What are your recommendations regarding self-titration of basal insulin?

Dr. Abrahamson:  

That's another good question. Interestingly enough, there have been studies that have actually compared what we call auto titration or self-titration against a program where patients had to call into their doctor's office or nurse practitioner's office for advice about titration of their basal insulin after starting basal insulin. And those who did auto titration actually did better than those who were... Had to rely on calling into a doctor's office. So in practice, if I give people a simple algorithm to follow, for example, adjust your dose of insulin by two units every 2-3 days until you reach your target glucose, which is usually around 80-130 milligrams per deciliter, but which could be defined by the physician for the patient or with the patient, and I find patients can adhere to this regimen. And to be on the safe side I sometimes say when you get to a certain insulin dosage and you're a little reluctant to keep titrating up, then you can give me a call. But auto titration works very well.

Lee Tetreault:

And lastly, Doctor, to what extent does cost and effectiveness influence decisions about second agent?

Dr. Abrahamson:  

Cost is always a question that comes up in these meetings, and quite rightly so, because there are many drugs today available to treat type 2 diabetes; the newer drugs are more expensive. And if people have an issue with cost, then we generally recommend using the generic products. But if insurance companies are covering the cost of some of the newer drugs, in particular people who have established atherosclerotic cardiovascular disease, I would strongly encourage people to add on to metformin GLP-1 receptor agonists and SGLT2 inhibitors.
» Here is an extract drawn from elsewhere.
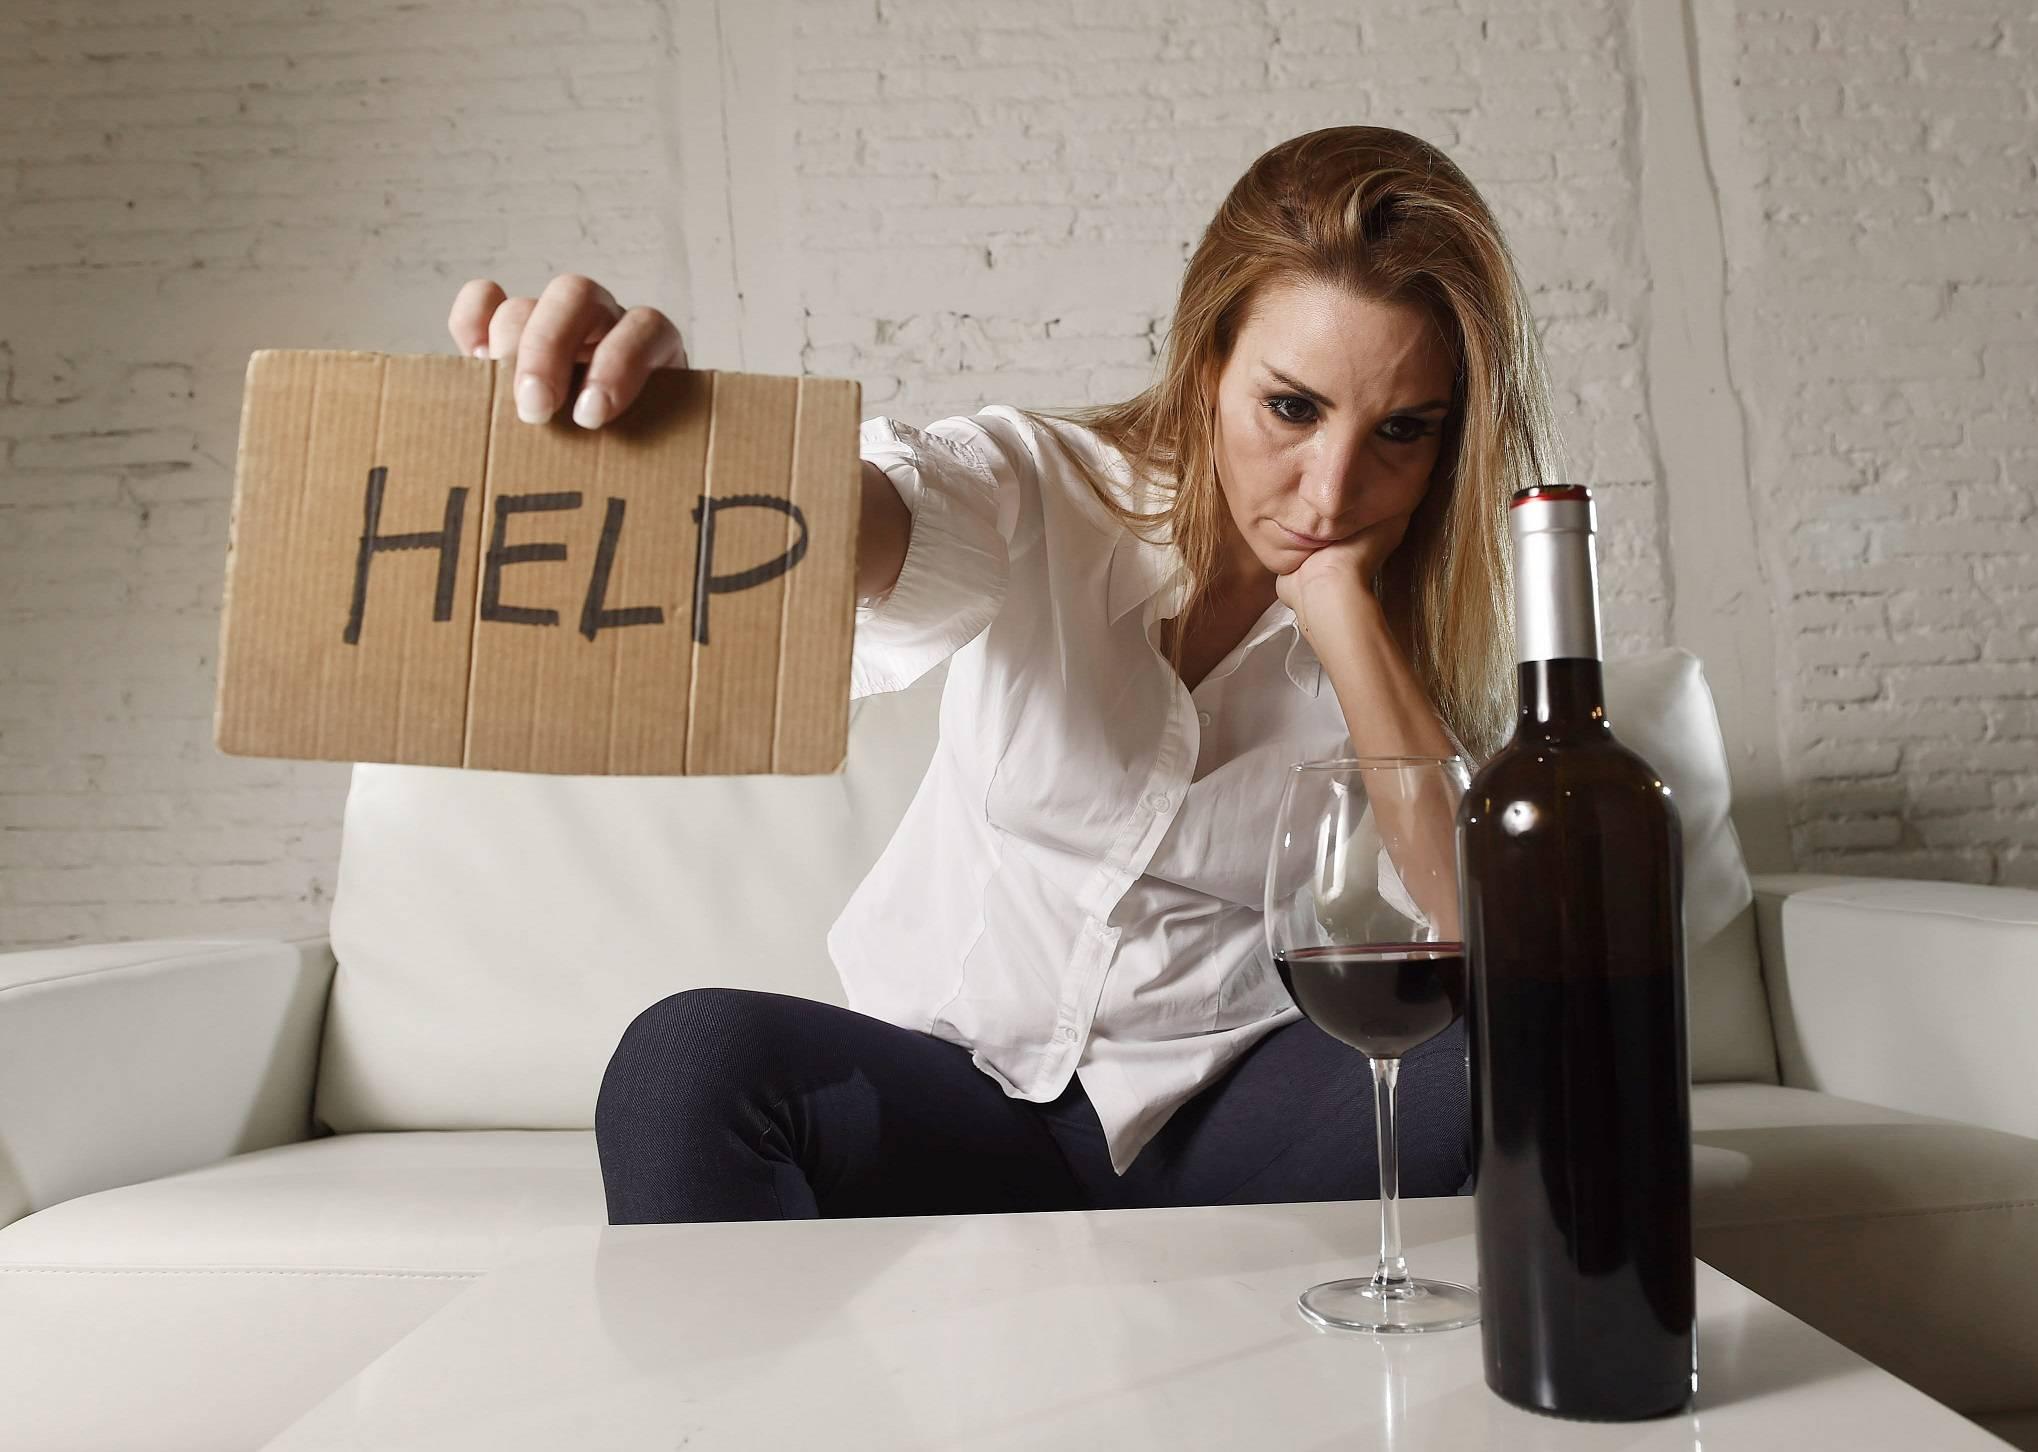 Выведение из запоя на дому и остановить домашними средствами

In fact, the American Association of Clinical Endocrinologists guideline for the treatment of type 2 diabetes says, from a hierarchical point of view of efficacy, the drugs to add on to metformin are GLP-1 receptor agonists and SGLT2 inhibitors, even in the absence of cardiovascular disease because of the efficacy and their safety profile. But that being said, not everybody can afford these drugs, and in those cases we need to resort to using the generic products more frequently.

Lee Tetreault:

This is great information, Doctor, thank you so much for your time today.

Dr. Abrahamson:  

Thank you for the invitation to be here.